The Texas Medical Association (TMA) joins the American Medical Association (AMA) and the Military Officers Association of America (MOAA) in calling on Congress to stop a scheduled 27.4-percent cut in Medicare and TRICARE physician payments.* The cut is scheduled to take effect on Jan. 1 unless Congress intervenes. TRICARE is the health insurer for America’s military families, while Medicare insures senior citizens and people with disabilities. TRICARE bases its rates on Medicare rates.  
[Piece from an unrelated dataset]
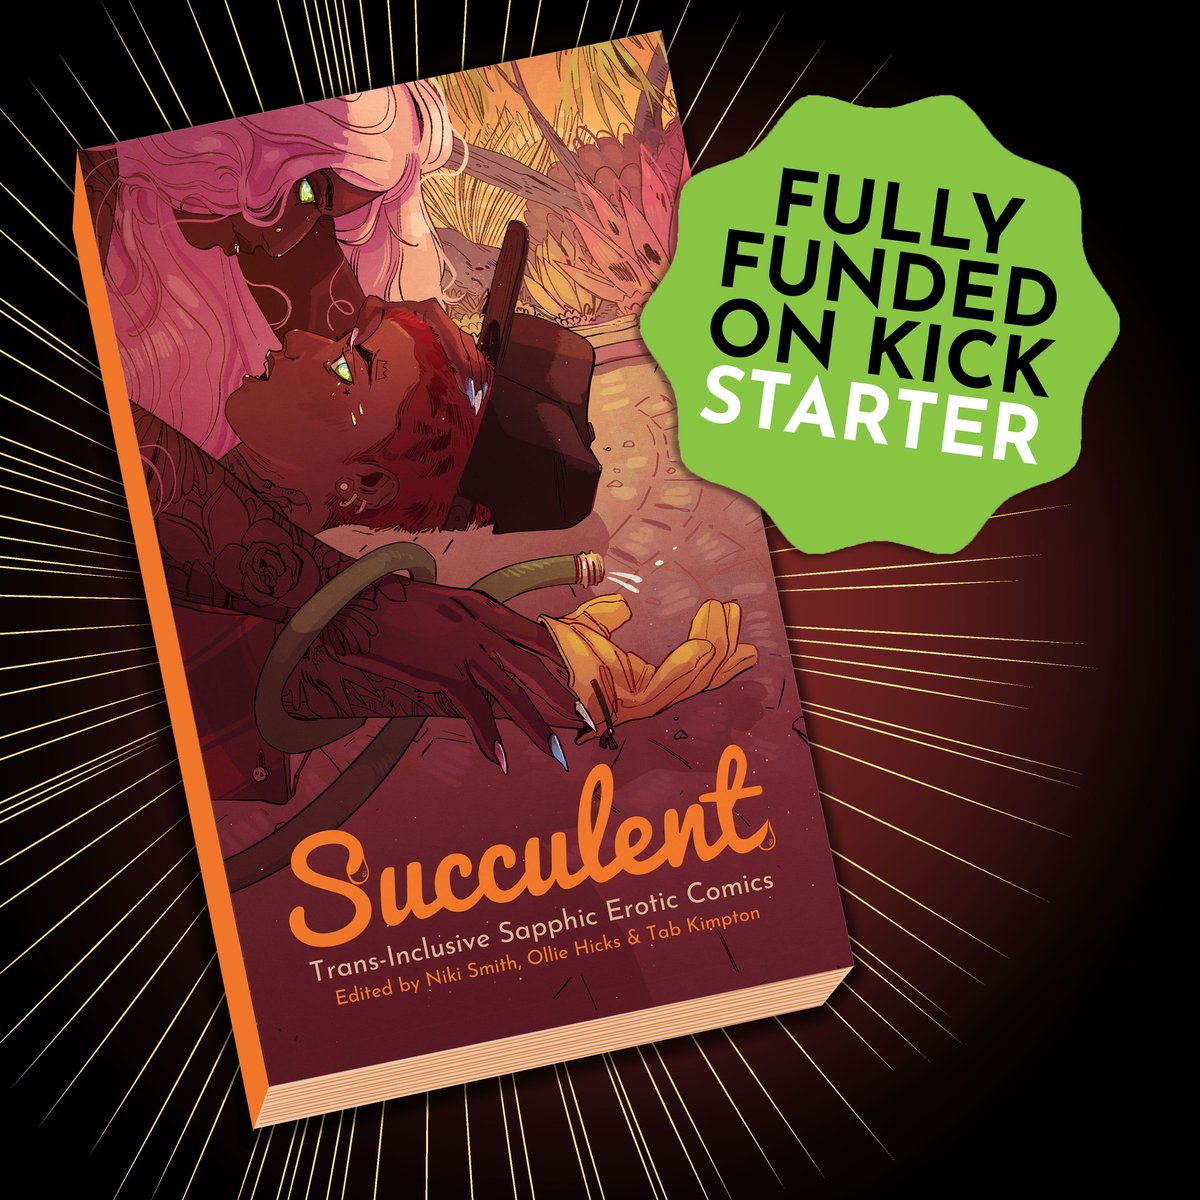 Succulent funded this weekend! 💦 🌿 Thanks so much everyone for your support. Any money we now make in the next 9 days go towards our bonus goals- paying our artists more! For every £2K over £28K, each story will be paid an extra £40 with no limit on these raises.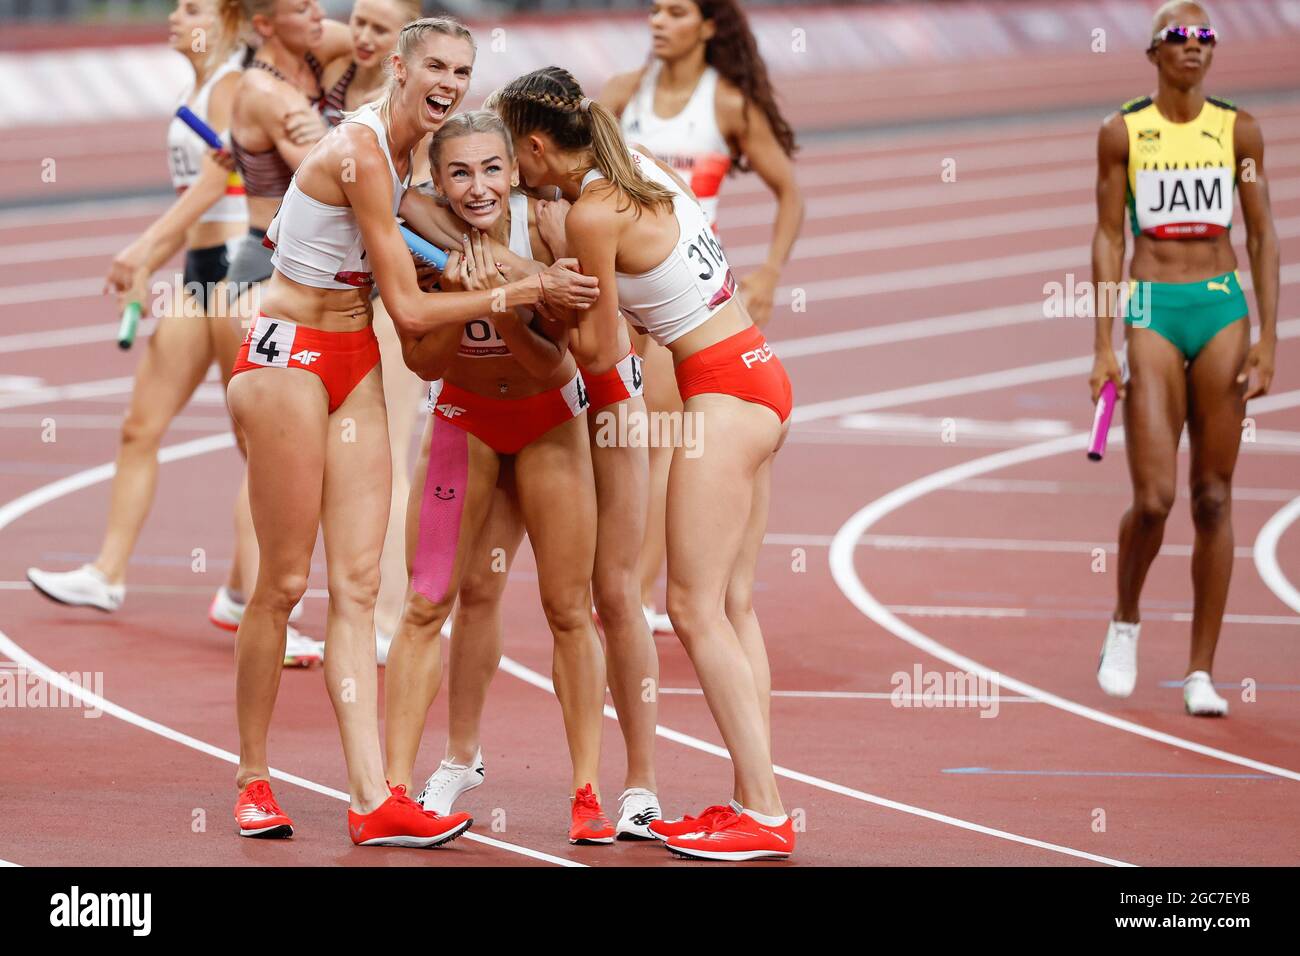 Tokyo, Japan. 07th Aug, 2021. Team Poland celebrates after winning silver in the Women's 4x400m final at Olympic Stadium during the 2020 Summer Olympics in Tokyo, Japan on Saturday, August 7, 2021. The United States took gold with a time of 3:16.85 while Poland took silver with a time of 3:20.53 and Jamaica taking bronze with a time of 3:21.24. Photo by Tasos Katopodis/UPI Credit: UPI/Alamy Live News Stock Photo

“As we honor our veterans, our nation should show its appreciation for our military by upholding our commitment to care for their families,” said TMA President C. Bruce Malone, MD. “Physicians want to care for these families just as we love caring for our Medicare patients, but we need Congress to do its part, so we can do ours. It is tragic that there is even a doubt,” added Dr. Malone, a military veteran himself. 

The Medicare and TRICARE physician payment problem has existed for 10 years. Federal law adjusts Medicare payments to physicians annually using the Sustainable Growth Rate (SGR) formula. Because of flaws in how it was designed, the SGR formula has mandated 11 physician payment cuts – every year for the past decade. Only short-term congressional fixes have stopped most of the cuts. In 2010 alone, Congress had to intervene five times to stop a 25-percent cut. Yet during this same 10-year period, hospitals, skilled nursing homes, home health agencies, and inpatient rehabilitation facilities all received annual Medicare pay increases, because they are paid by a different formula. TMA believes, at a minimum, Washington needs to fix the broken physician payment system before giving more payment updates to other Medicare providers.

As it is, military families, seniors, and Texans with disabilities are at serious risk of losing their doctors. A new TMA survey indicates that 50 percent of Texas physicians are considering opting out of the Medicare program altogether. In Texas alone, nearly 870,000 patients rely on TRICARE, and 2.9 million more rely on Medicare. 

“It’s tragic. Medicare simply cannot work without physicians to care for the millions of patients who depend on it. Congress can’t wait any longer,” added Dr. Malone. 

That is why TMA, AMA, and MOAA are asking the United States Joint Select Committee on Deficit Reduction to send legislation to Congress that will repeal the Medicare physician formula before the cut takes place. 

“This payment cut is the No. 1 threat to military beneficiaries’ health care access,” said MOAA President Vice Admiral Norb Ryan Jr., USN-Ret. “Having just returned from visiting with our troops in Afghanistan earlier this month, I know the last thing our deployed service members should have to worry about is whether their sick spouse or child will have a difficult time getting the health care they need.”

“As a physician who served in the military, I understand how important TRICARE is for service members and their families,” said AMA Board Chair Robert Wah, MD, who served as a captain in the United States Navy Medical Corps for 23 years. “Members of the military and their families are already making great sacrifices every day; access to health care should not be one of them.”

TMA is the largest state medical society in the nation, representing more than 45,000 physician and medical student members. It is located in Austin and has 120 component county medical societies around the state. TMA’s key objective since 1853 is to improve the health of all Texans.